▸ Task goal:
Repeat every line from the line containing "Applied Sans Pro Black Italic image" to the end of the data, exactly. Leave the pictures out.

Data section: Begin

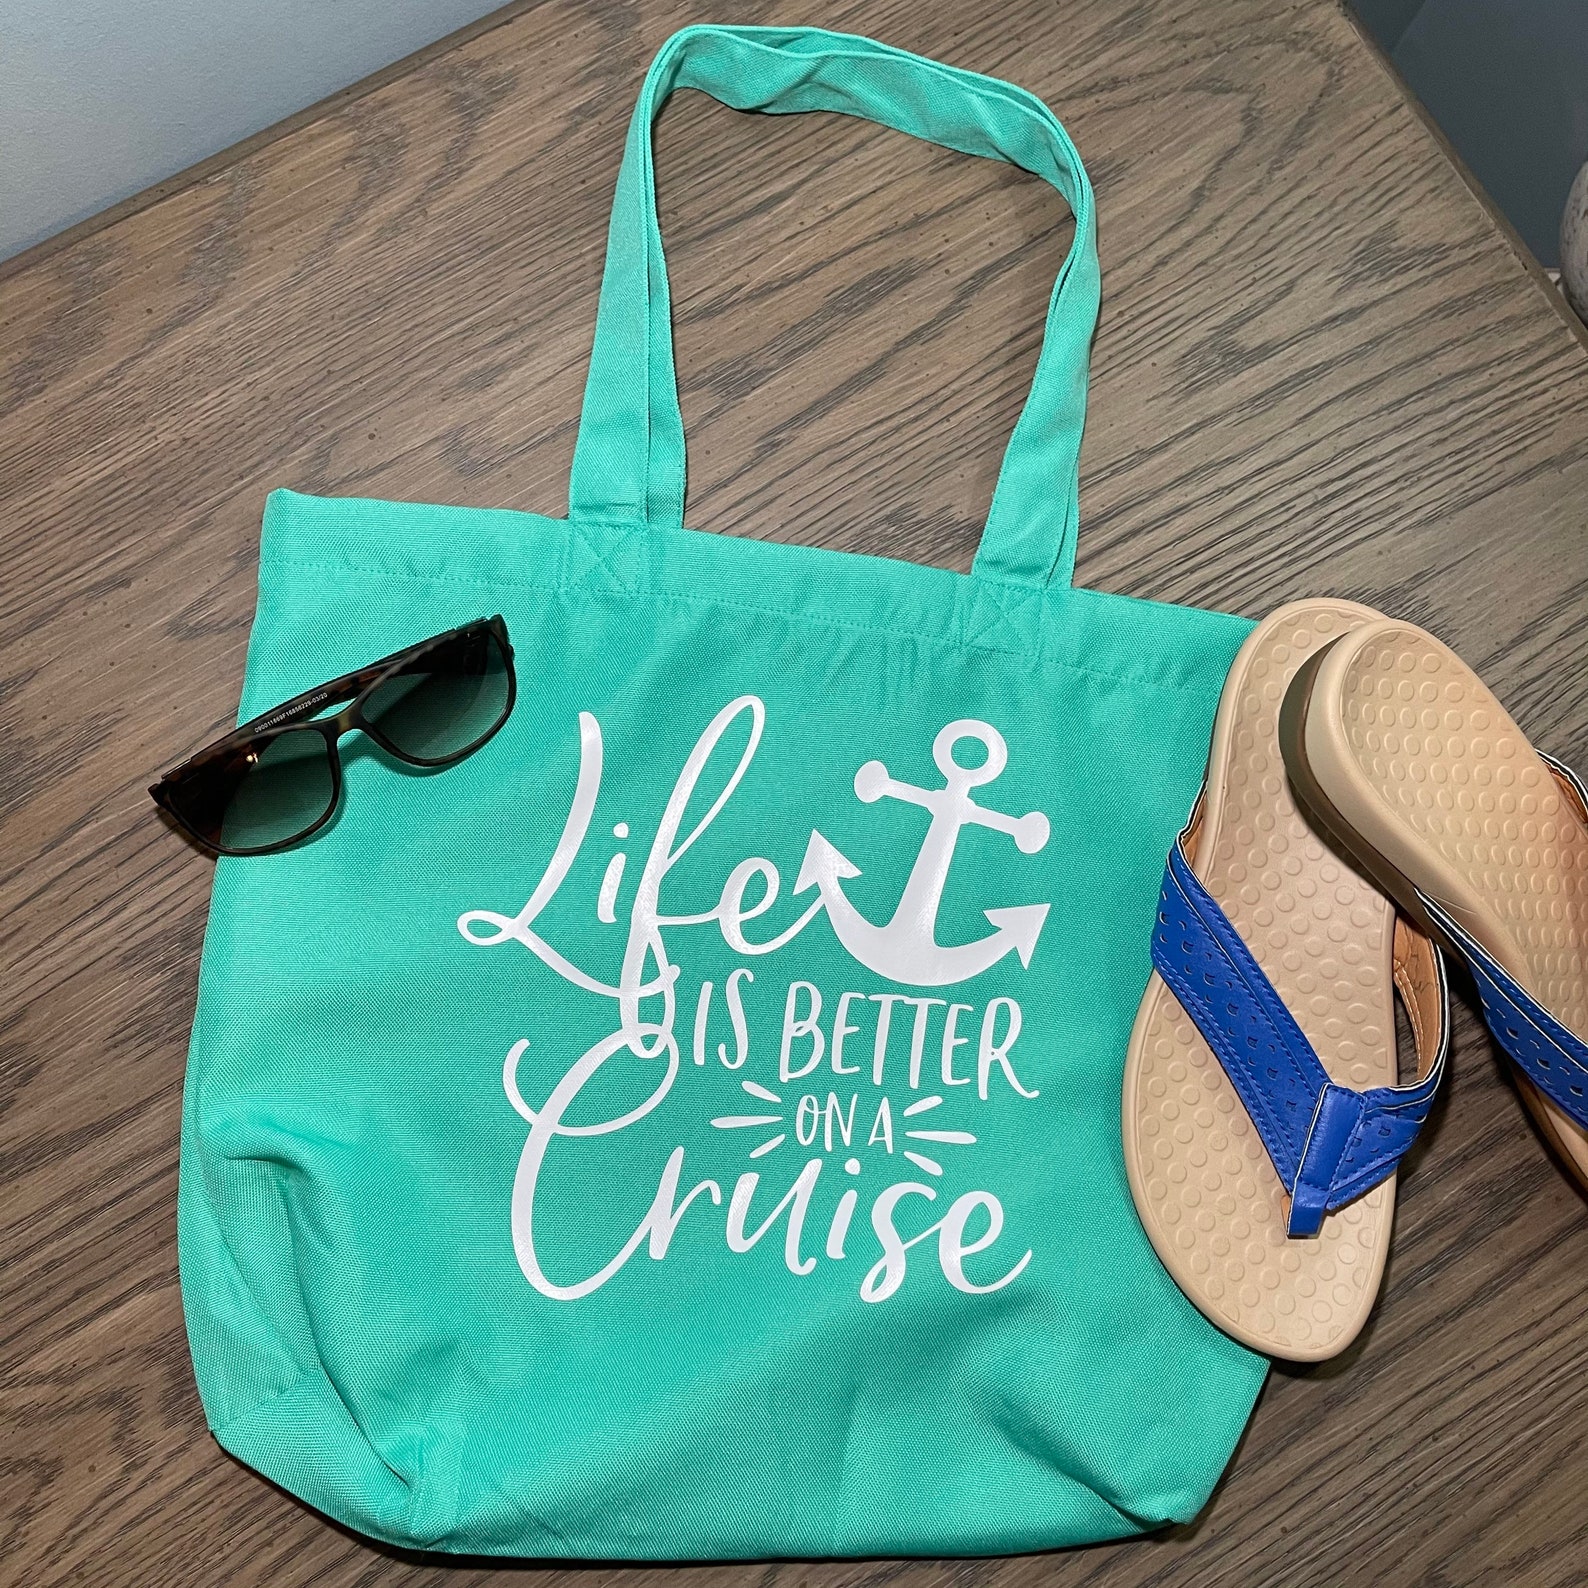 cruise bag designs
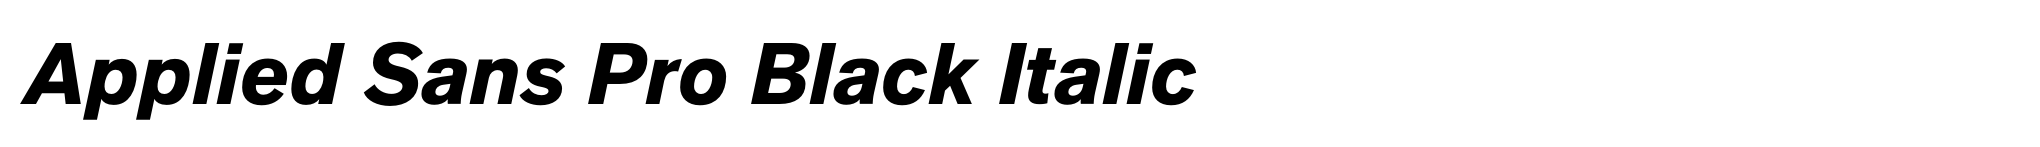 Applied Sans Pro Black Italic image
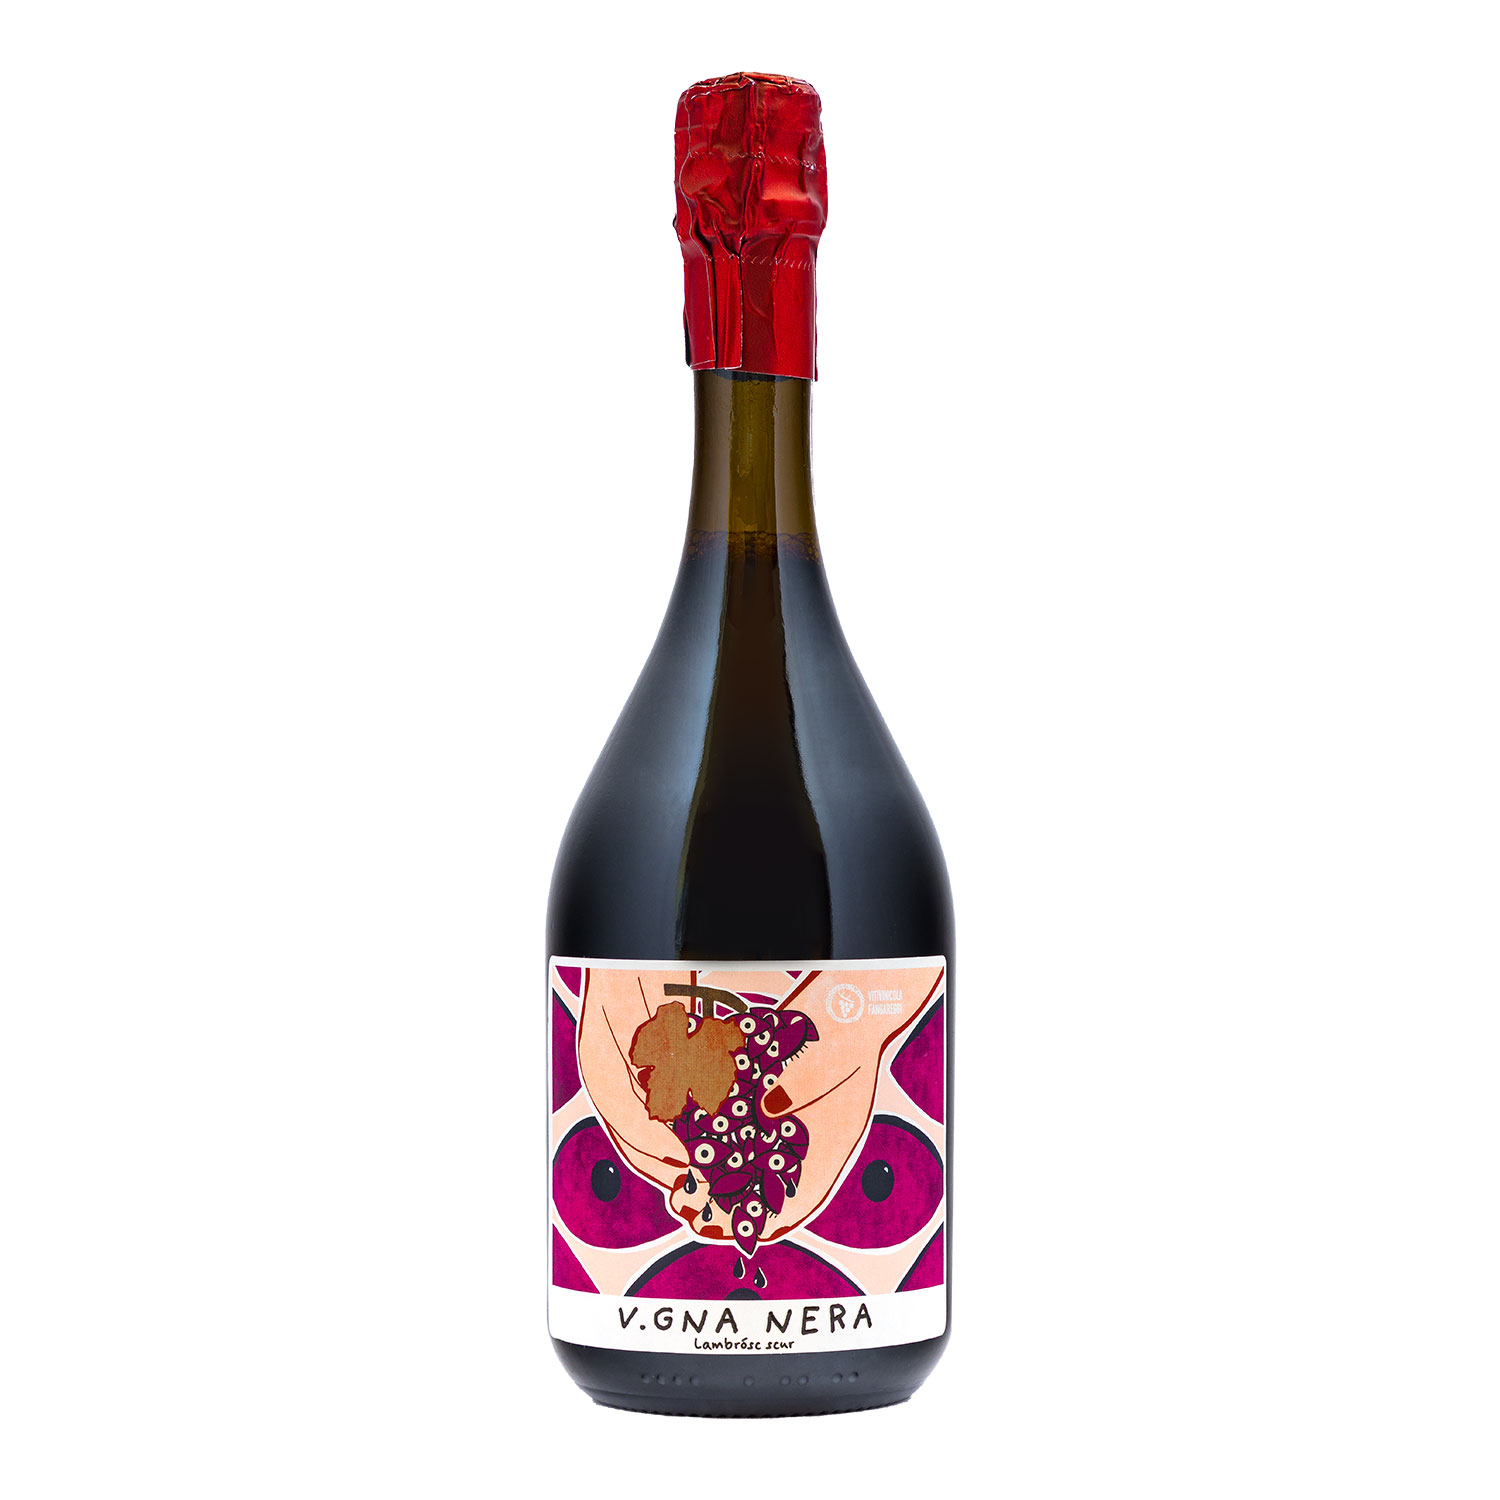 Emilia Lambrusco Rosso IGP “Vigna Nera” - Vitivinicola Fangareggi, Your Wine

Data section: End

▸ Result of this task:
 Applied Sans Pro Black Italic image
 Emilia Lambrusco Rosso IGP “Vigna Nera” - Vitivinicola Fangareggi, Your Wine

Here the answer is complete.